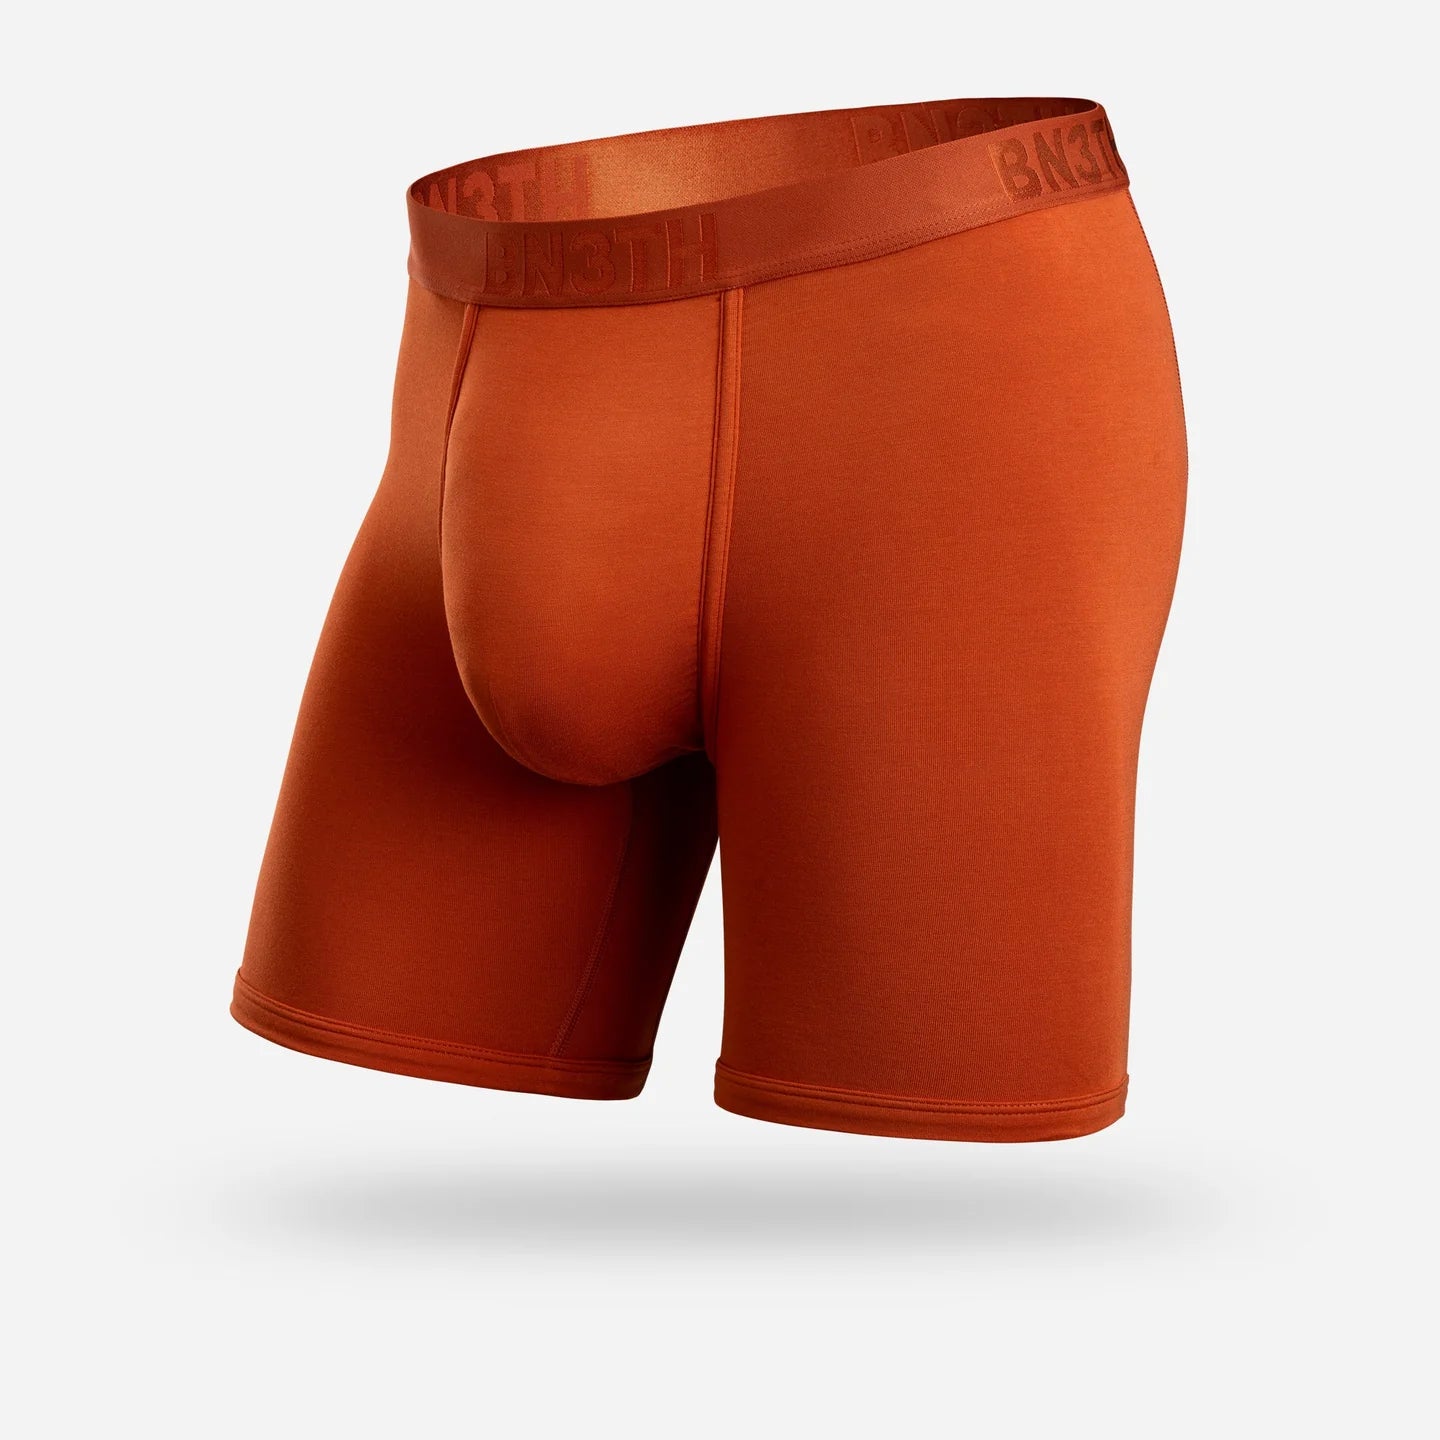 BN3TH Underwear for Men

• • • •

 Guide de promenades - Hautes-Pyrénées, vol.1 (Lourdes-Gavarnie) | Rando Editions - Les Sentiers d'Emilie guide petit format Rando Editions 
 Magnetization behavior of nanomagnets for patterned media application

• • • •

**EXERCISE GOAL:** Of the lines above, extract only those from the line with "Guide de promenades" to the line with "Magnetization behavior of", both included, exactly as written.

**RESPONSE FOR THIS EXERCISE:**
 Guide de promenades - Hautes-Pyrénées, vol.1 (Lourdes-Gavarnie) | Rando Editions - Les Sentiers d'Emilie guide petit format Rando Editions 
 Magnetization behavior of nanomagnets for patterned media application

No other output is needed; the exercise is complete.